Not entirely. I’m just talking from my lived experiences, but I’ve had a hard time interacting with my professors because they don’t know how to engage with me. I always take the first initiative. One time, I had this class where the professor would mock me every time I tried to ask a question. I left that class. I didn’t make a complaint about it because I felt like I was being paranoid, but I didn’t know what I was doing in that class. Every time I tried to engage or participate, I was laughed at. I think a lot of Muslim women face anxiety like that. I was studying biology in my first year and these guys I was working with [insulted me] and mocked my niqab when I was trying to get serious about our assignment. That was part of the reason why I switched programs. There was no decompression space. What Muslim women pursue in our degrees or education is something we’re very passionate about. When we face Islamophobia, we question if we have to suffer to pursue something we love. We feel that we won’t be taken as seriously as someone else. I wish I advocated for myself a bit more, but I thought it was just me.
Based on your social media, I feel like your style of activism focuses a lot on sisterhood and open dialogue. Was that a conscious decision?

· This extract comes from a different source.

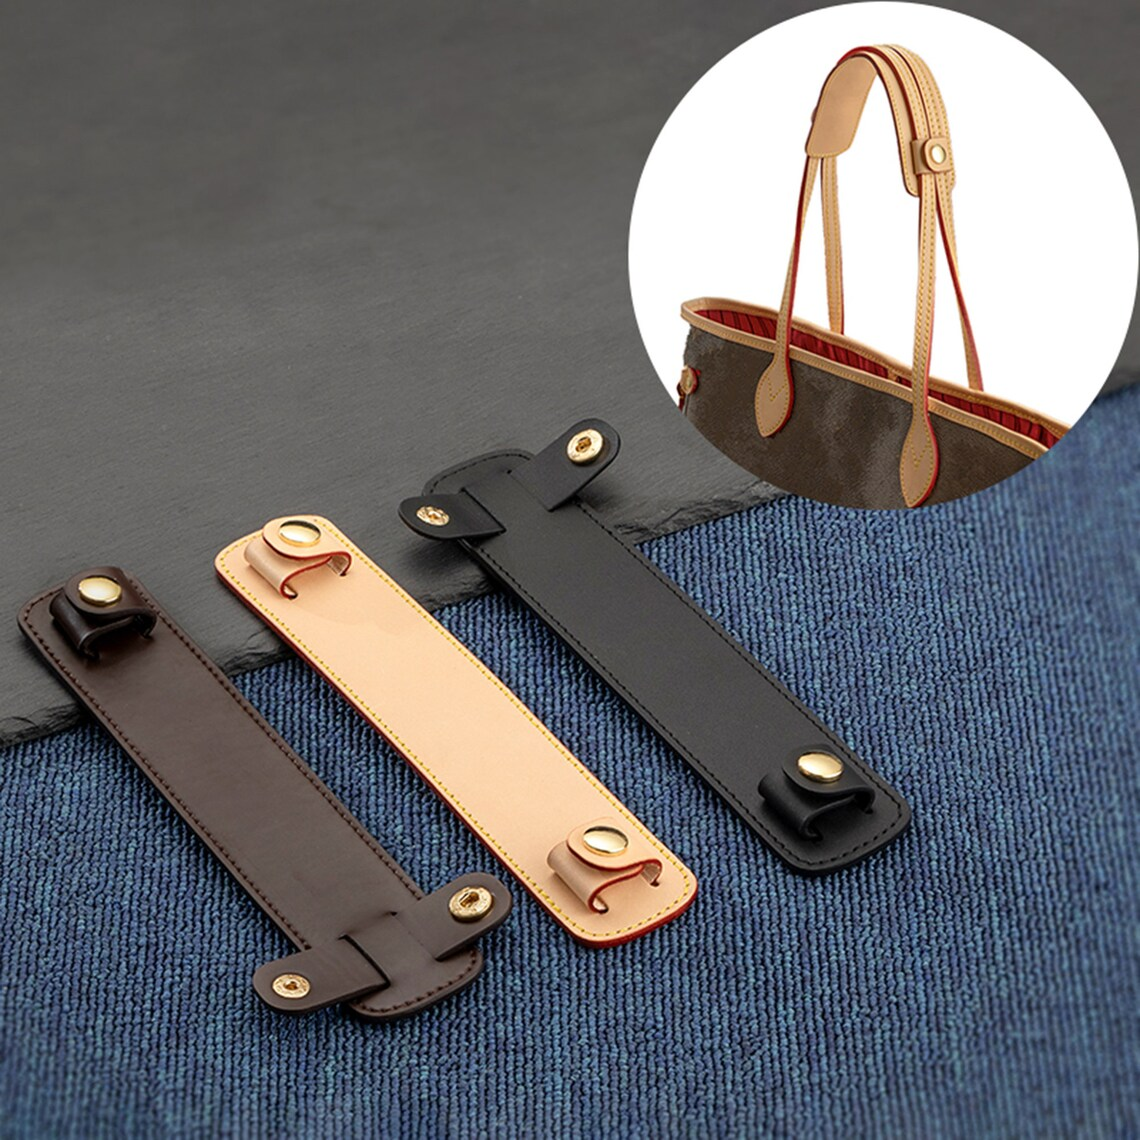 New design,High quality Vachette Leather Shoulder Strap Pad/Anti-slip pressure relief shoulder pad for handbags/pouch/clutch/Neverfull acc
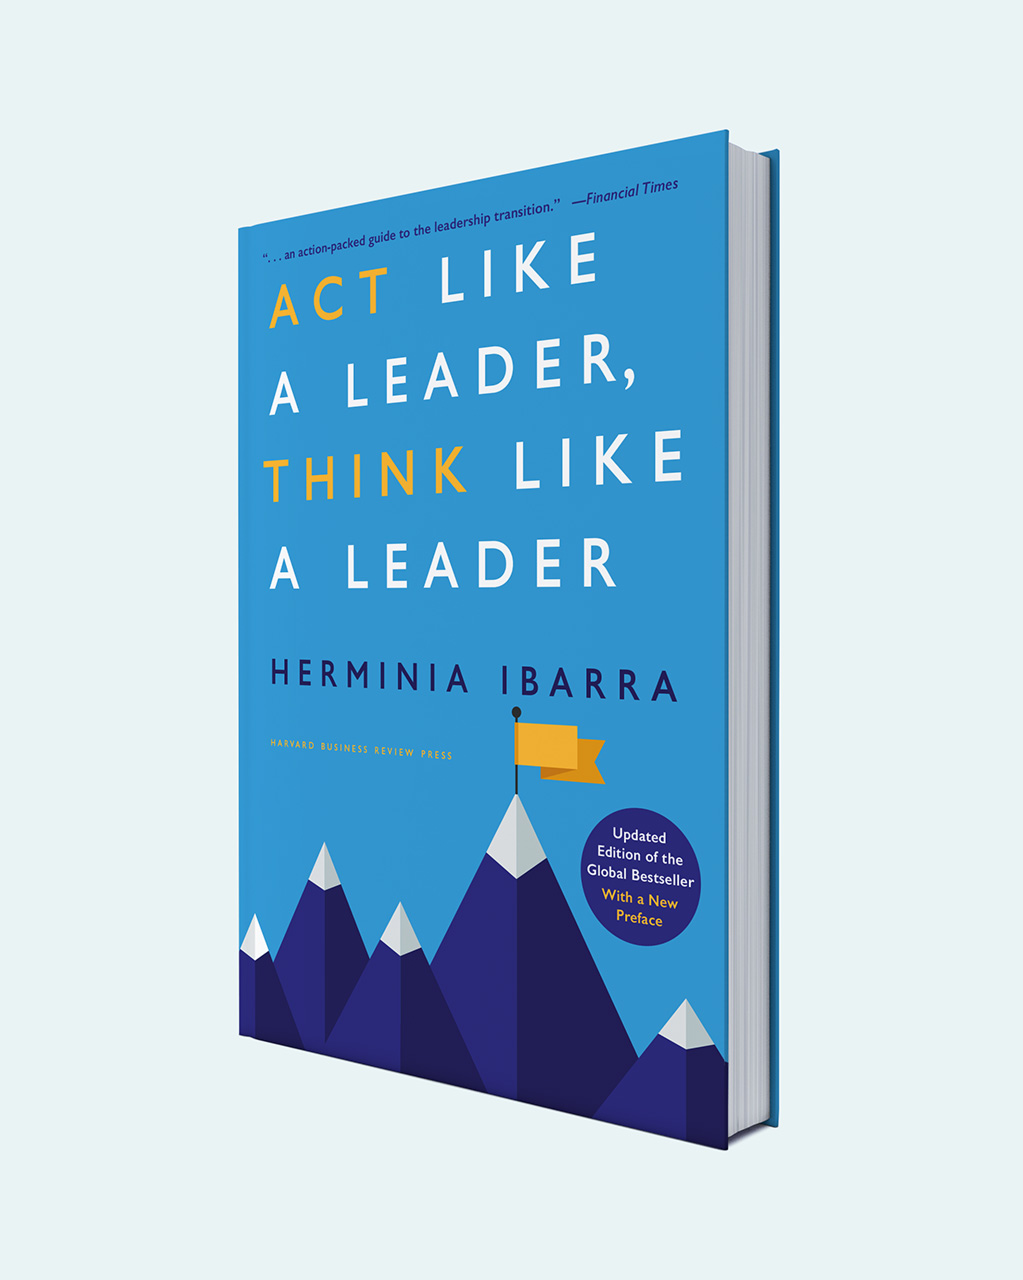 Act Like a Leader, Think Like a Leader book by Herminia Ibarra

That was a conscious decision. I have an open channel of dialogue with my followers because the more people I have a connection with, the better. My followers look to me as someone they can reach out to as someone who can provide solidarity or support. Some of them are struggling with the decision to observe the niqab. Some of them are struggling with feminism and Islam and want to know how I resolved that. I feel the two are compatible. Every religion has a misogynistic side because most interpretations have been done by men. Most prominent Islamic scholars are men. I provide resources for Muslim women to feel more comfortable in their skin. They can look at me and see that yes I’m covered up, but I still speak my mind and hold educational workshops and have my art travel. Seeing things like that motivates them to do the things they love regardless of how people perceive them.